**Provided data**
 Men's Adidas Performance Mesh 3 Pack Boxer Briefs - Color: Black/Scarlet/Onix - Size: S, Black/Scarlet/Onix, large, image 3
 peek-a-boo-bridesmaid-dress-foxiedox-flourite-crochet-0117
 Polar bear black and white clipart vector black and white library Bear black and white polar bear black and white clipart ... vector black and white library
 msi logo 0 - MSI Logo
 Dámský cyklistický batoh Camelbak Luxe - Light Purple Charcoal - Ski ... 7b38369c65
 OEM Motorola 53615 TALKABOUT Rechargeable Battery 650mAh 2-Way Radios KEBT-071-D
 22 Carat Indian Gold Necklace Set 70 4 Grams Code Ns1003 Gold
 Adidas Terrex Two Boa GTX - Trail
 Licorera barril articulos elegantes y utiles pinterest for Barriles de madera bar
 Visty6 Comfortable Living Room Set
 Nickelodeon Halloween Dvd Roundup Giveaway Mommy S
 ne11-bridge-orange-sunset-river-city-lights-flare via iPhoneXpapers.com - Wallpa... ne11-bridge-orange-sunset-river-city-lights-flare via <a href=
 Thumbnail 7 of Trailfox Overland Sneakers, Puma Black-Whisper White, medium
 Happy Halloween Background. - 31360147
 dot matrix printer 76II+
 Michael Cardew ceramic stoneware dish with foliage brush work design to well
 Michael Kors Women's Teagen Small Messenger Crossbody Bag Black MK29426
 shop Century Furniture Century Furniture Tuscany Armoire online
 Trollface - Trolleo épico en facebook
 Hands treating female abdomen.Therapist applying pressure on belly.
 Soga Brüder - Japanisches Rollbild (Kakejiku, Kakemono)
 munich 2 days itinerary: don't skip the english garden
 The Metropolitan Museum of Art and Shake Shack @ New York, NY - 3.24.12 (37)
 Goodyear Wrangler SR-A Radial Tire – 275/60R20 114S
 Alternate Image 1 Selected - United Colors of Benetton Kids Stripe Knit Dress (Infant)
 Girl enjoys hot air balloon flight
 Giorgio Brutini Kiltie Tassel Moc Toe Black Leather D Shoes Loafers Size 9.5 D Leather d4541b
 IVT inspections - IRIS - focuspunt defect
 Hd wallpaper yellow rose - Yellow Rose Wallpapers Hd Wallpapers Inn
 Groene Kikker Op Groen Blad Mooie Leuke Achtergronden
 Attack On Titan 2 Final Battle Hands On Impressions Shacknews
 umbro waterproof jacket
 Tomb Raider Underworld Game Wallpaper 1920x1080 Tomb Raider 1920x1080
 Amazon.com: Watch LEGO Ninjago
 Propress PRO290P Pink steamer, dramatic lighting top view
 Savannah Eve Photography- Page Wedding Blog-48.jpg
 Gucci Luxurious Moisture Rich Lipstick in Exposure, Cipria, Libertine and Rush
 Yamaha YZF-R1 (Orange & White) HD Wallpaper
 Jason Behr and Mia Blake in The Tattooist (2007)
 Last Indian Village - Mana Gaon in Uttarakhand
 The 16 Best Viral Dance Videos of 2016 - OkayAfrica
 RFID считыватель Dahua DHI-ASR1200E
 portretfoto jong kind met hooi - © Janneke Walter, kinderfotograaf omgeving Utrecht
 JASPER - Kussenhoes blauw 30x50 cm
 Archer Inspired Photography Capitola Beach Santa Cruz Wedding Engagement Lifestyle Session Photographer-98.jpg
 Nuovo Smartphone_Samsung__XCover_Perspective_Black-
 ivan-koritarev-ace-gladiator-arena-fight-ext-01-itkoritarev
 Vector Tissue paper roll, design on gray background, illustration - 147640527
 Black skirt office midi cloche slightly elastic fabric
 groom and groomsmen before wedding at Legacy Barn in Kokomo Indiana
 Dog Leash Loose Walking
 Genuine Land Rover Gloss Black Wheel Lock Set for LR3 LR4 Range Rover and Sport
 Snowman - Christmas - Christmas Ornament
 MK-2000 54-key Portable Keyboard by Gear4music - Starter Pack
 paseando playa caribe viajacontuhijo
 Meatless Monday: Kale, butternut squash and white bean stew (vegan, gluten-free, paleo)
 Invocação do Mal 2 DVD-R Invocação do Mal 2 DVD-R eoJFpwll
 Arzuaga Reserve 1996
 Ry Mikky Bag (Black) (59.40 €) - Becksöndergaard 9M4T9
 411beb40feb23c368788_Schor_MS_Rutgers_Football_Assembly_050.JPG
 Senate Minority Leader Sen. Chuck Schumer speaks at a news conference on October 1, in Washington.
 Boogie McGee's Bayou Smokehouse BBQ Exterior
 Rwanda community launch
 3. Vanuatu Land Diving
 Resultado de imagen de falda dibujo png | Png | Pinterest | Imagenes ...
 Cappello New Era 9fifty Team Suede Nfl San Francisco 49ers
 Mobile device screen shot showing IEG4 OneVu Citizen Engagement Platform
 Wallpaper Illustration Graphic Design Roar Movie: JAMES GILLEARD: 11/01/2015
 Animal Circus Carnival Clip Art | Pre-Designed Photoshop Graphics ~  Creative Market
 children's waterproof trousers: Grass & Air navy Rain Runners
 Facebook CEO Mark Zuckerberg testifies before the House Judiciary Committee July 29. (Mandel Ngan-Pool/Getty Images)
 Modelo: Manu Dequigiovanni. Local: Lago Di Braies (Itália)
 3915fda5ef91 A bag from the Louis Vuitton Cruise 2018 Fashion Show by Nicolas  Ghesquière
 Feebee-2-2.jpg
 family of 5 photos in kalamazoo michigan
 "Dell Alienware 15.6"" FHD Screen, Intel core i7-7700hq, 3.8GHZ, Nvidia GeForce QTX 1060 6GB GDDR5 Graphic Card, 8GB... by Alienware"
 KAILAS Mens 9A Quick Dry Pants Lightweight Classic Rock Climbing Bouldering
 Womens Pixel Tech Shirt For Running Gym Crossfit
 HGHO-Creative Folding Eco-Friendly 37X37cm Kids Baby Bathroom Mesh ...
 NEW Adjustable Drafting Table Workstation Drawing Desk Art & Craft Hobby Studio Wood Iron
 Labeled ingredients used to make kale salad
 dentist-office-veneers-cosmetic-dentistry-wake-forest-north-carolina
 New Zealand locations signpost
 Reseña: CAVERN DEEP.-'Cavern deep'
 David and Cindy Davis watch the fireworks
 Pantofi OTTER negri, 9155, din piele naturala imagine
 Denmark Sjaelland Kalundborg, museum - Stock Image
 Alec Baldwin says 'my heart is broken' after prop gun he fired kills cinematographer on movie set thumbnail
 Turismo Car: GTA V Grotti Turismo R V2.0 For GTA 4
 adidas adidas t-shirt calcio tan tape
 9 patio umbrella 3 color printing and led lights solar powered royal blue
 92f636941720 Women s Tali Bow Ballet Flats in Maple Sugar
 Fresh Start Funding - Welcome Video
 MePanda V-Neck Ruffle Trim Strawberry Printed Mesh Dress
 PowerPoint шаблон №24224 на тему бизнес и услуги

**Problem to work on**
Copy exactly the line that contains "Labeled ingredients used to make kale salad" and every line after it, up to and including the last line of the records.

**Response**
 Labeled ingredients used to make kale salad
 dentist-office-veneers-cosmetic-dentistry-wake-forest-north-carolina
 New Zealand locations signpost
 Reseña: CAVERN DEEP.-'Cavern deep'
 David and Cindy Davis watch the fireworks
 Pantofi OTTER negri, 9155, din piele naturala imagine
 Denmark Sjaelland Kalundborg, museum - Stock Image
 Alec Baldwin says 'my heart is broken' after prop gun he fired kills cinematographer on movie set thumbnail
 Turismo Car: GTA V Grotti Turismo R V2.0 For GTA 4
 adidas adidas t-shirt calcio tan tape
 9 patio umbrella 3 color printing and led lights solar powered royal blue
 92f636941720 Women s Tali Bow Ballet Flats in Maple Sugar
 Fresh Start Funding - Welcome Video
 MePanda V-Neck Ruffle Trim Strawberry Printed Mesh Dress
 PowerPoint шаблон №24224 на тему бизнес и услуги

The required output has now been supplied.